_Your objective_
Starting at the line that contains "Paw Patrol Coloring Pages Marshall" and stopping at the line that contains "Paw Patrol Marshall Drawing thekindproject", transcribe every line of the material below exactly; pictures stay out.

(Material for this exercise begins)

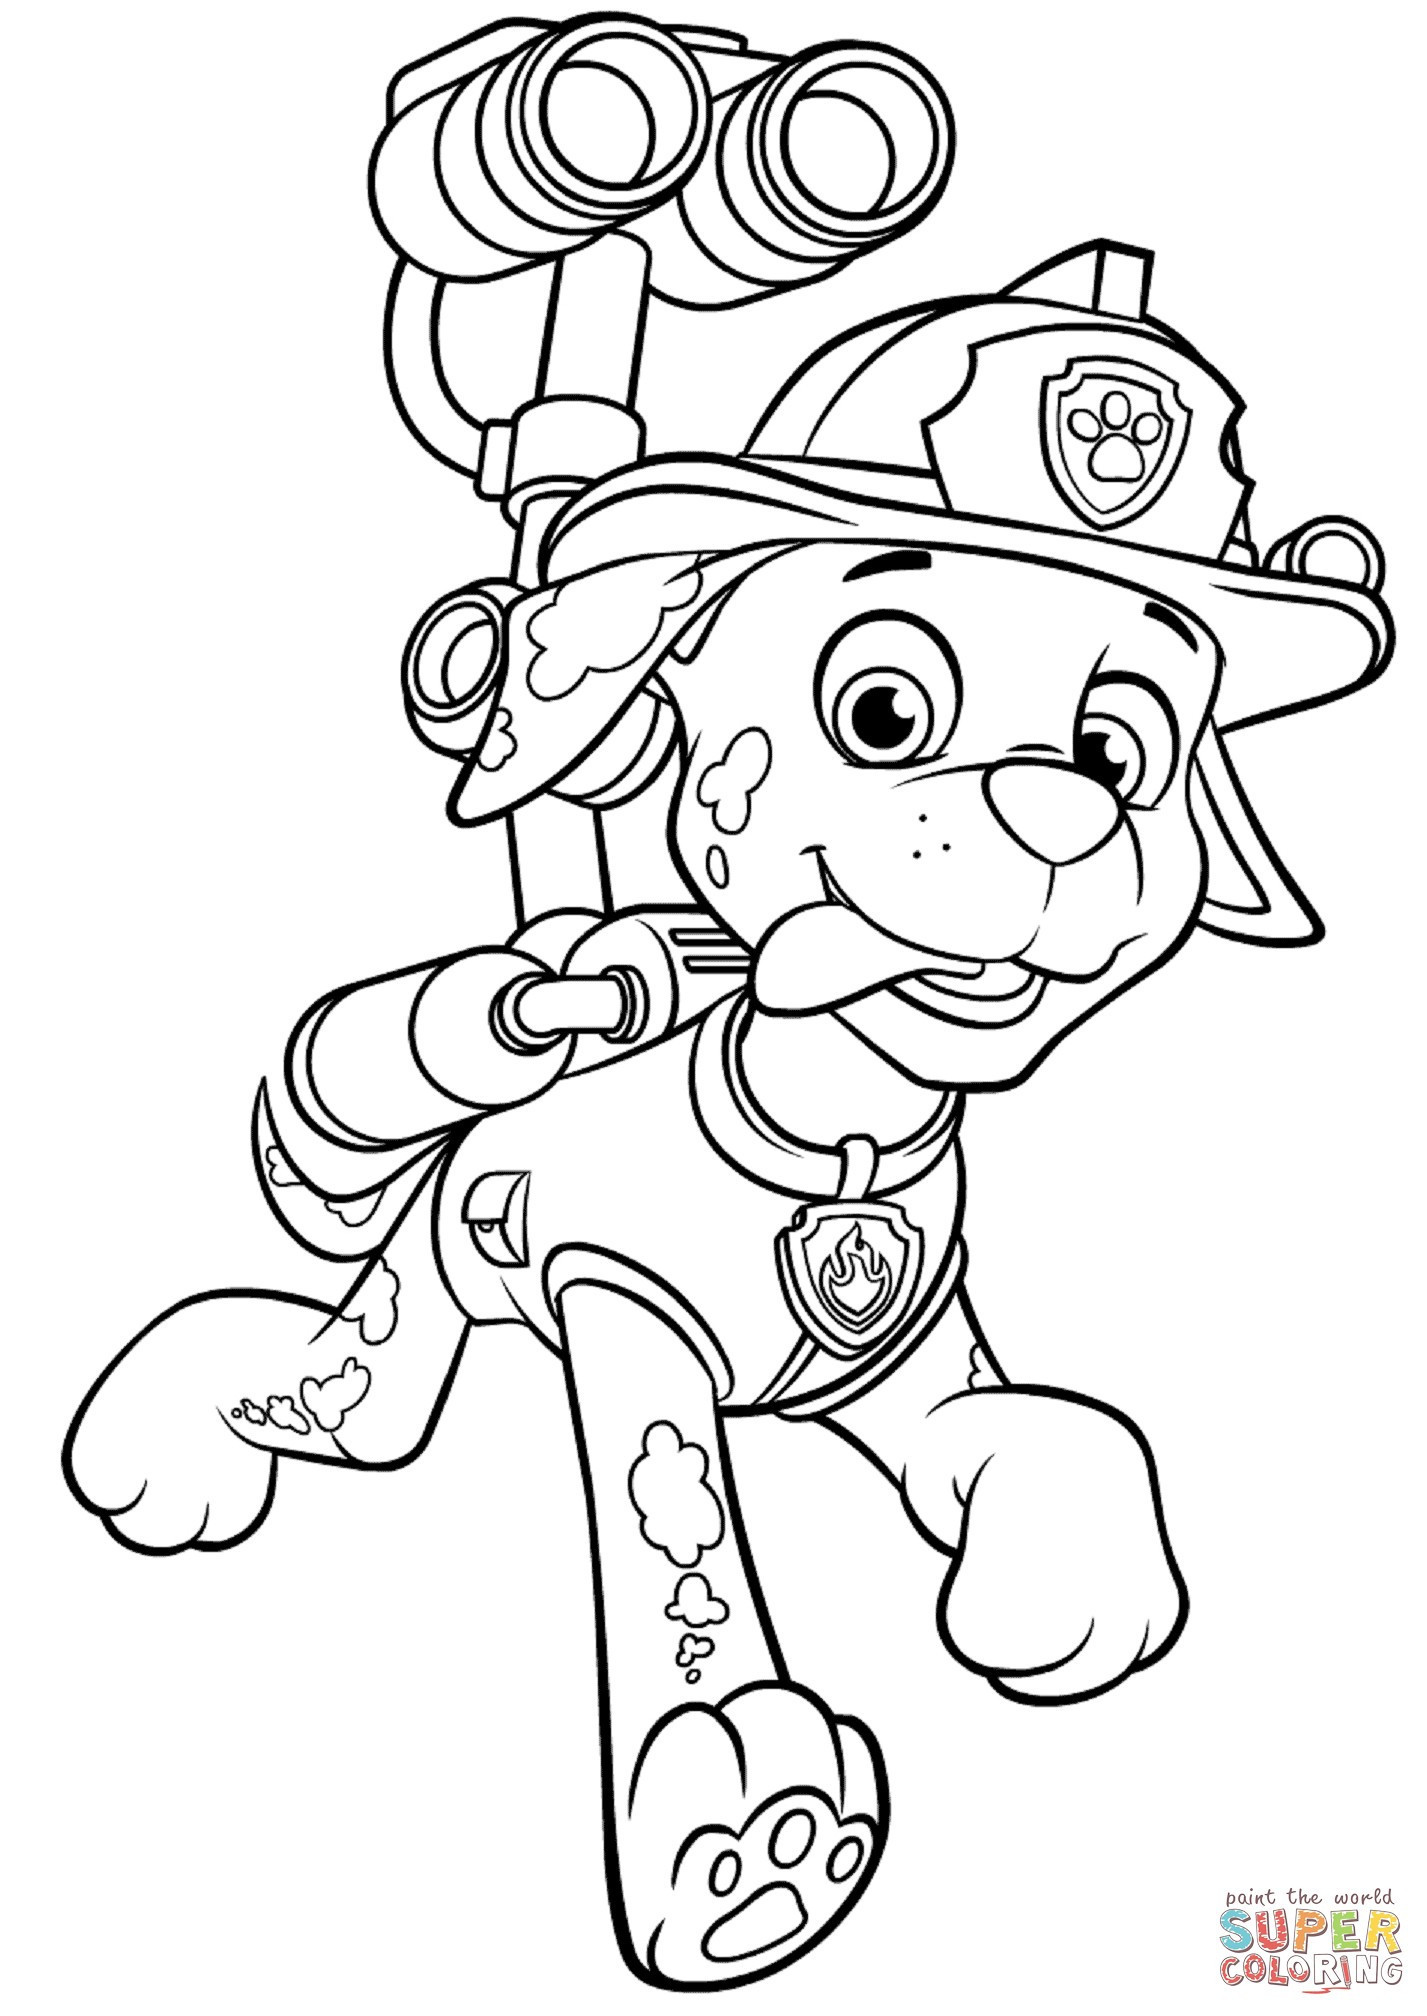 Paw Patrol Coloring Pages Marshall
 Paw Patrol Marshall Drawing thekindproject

(Material for this exercise ends)
(Material for this exercise begins)

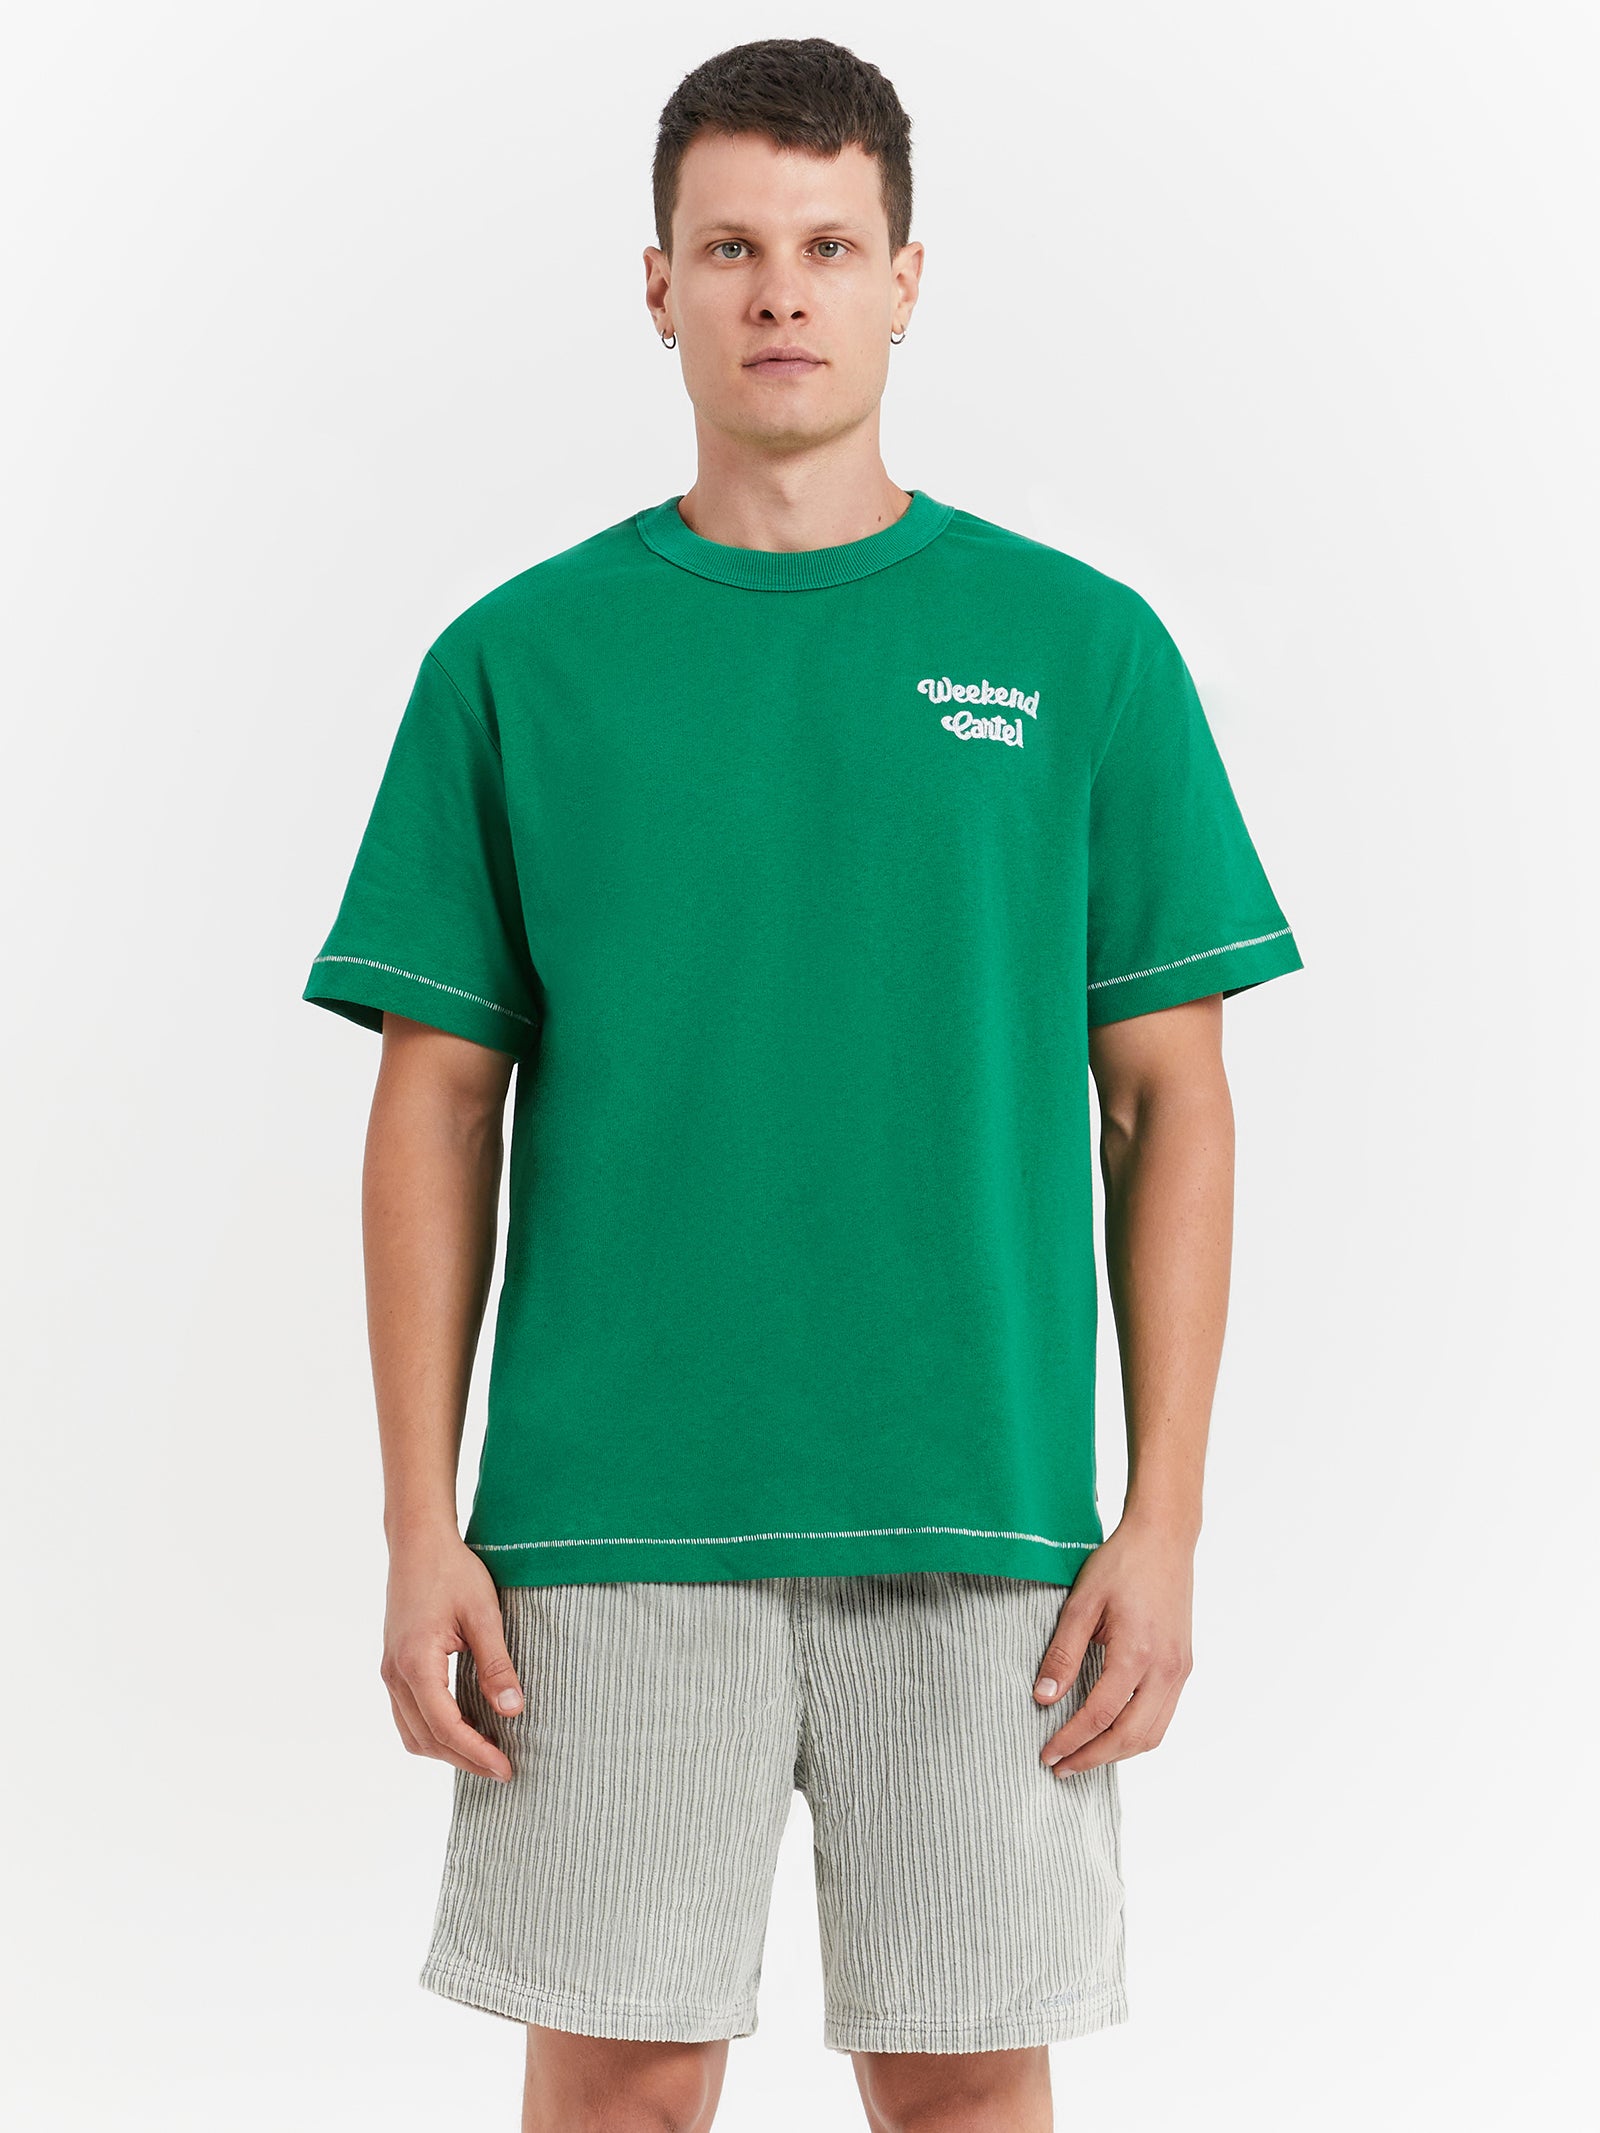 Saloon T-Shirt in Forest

(Material for this exercise ends)
(Material for this exercise begins)

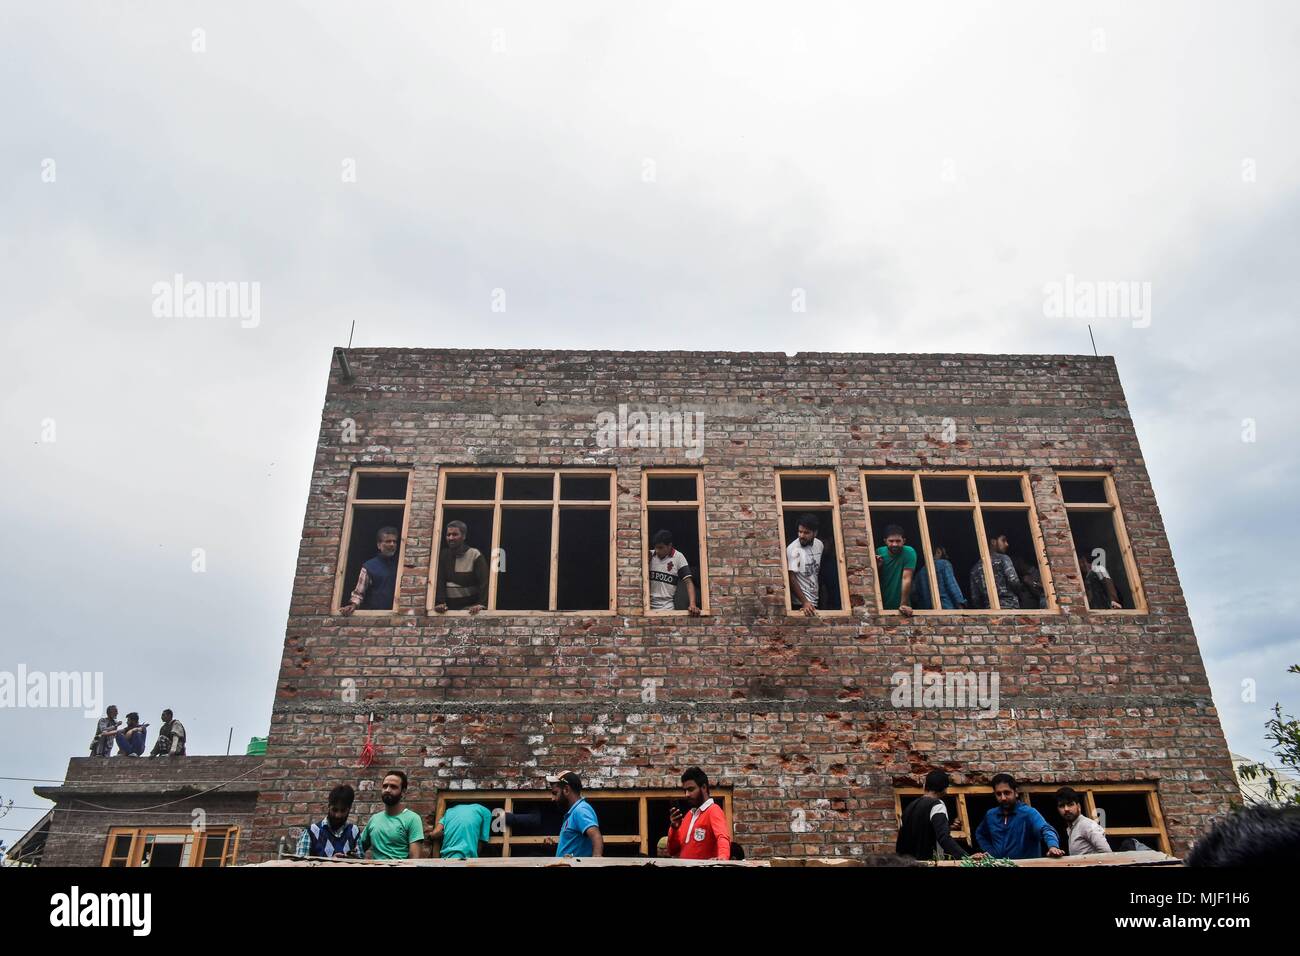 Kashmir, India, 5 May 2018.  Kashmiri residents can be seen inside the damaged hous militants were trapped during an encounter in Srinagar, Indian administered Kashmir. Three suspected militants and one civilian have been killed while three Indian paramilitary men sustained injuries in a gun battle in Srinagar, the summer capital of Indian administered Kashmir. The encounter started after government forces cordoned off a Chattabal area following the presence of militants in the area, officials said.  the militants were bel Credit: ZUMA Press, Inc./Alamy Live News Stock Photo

(Material for this exercise ends)

_Worked solution_
 Paw Patrol Coloring Pages Marshall
 Paw Patrol Marshall Drawing thekindproject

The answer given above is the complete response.